** About this exercise **
All of the data below is to be repeated exactly, except for the pictures.

** Data below **
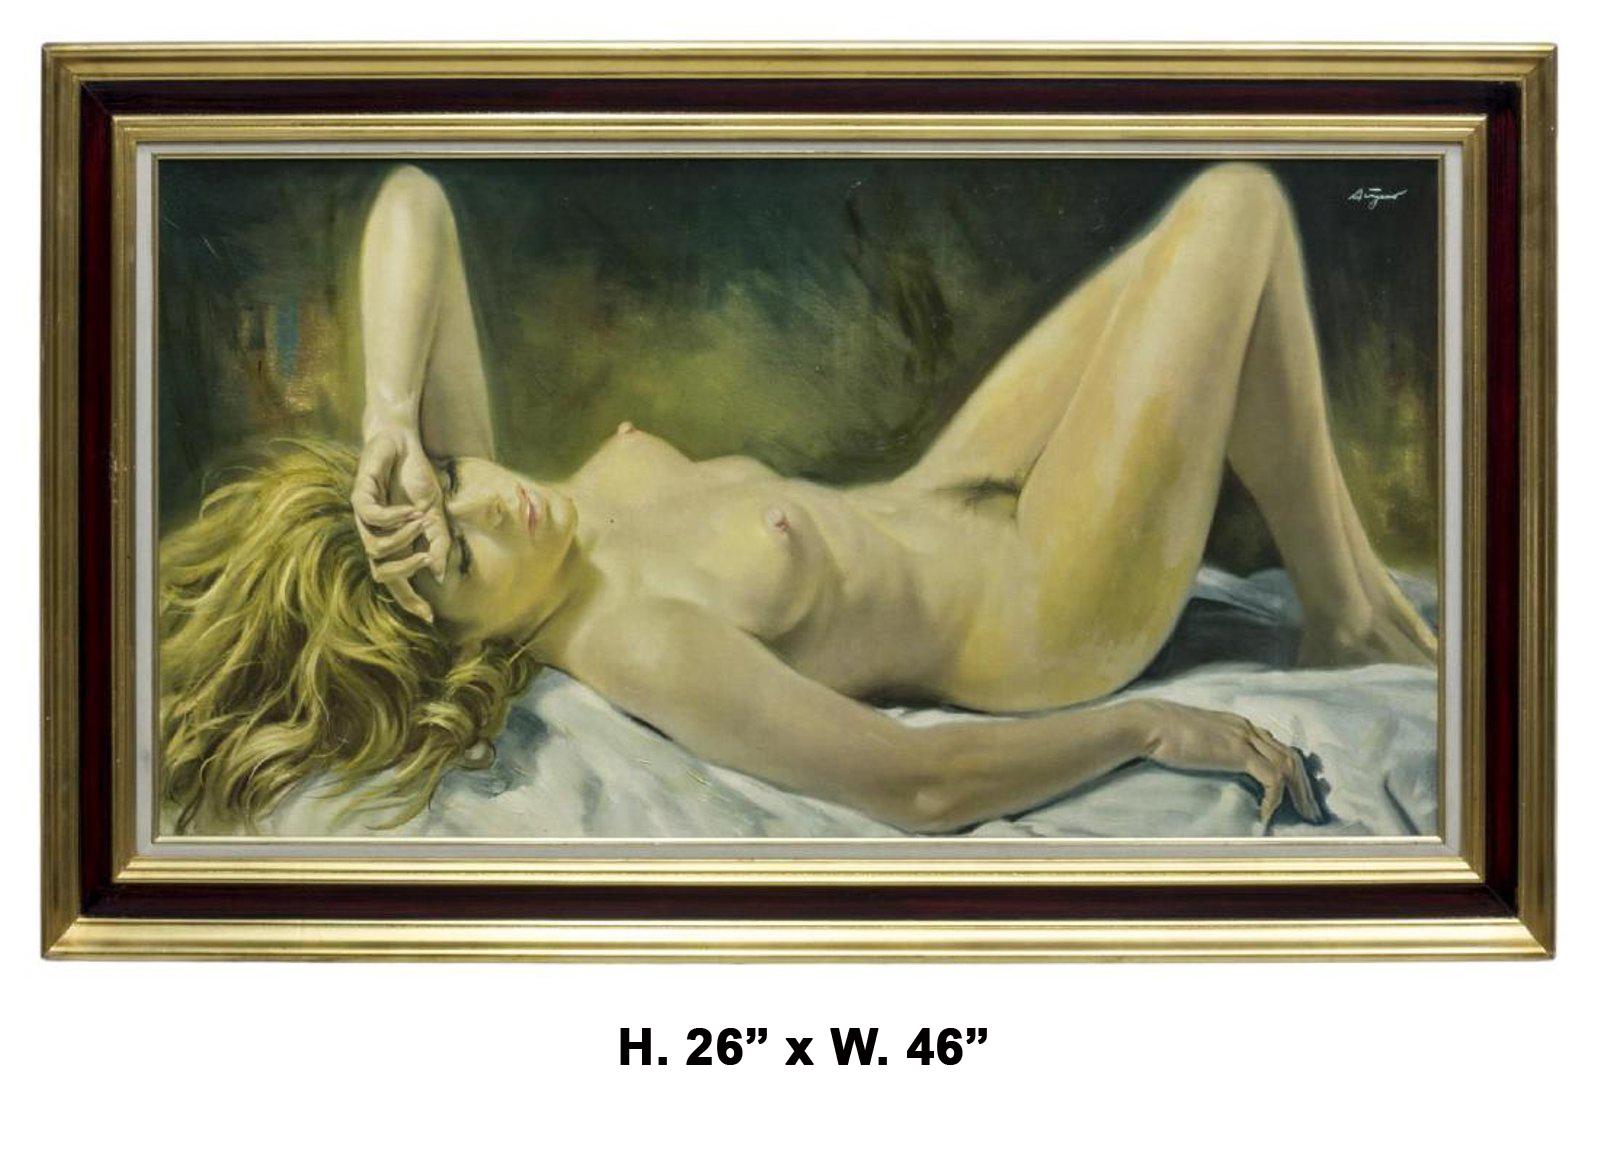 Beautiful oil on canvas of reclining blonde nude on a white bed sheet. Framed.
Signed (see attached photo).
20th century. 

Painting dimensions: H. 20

** Answer section **
 Beautiful oil on canvas of reclining blonde nude on a white bed sheet. Framed.
Signed (see attached photo).
20th century. 

Painting dimensions: H. 20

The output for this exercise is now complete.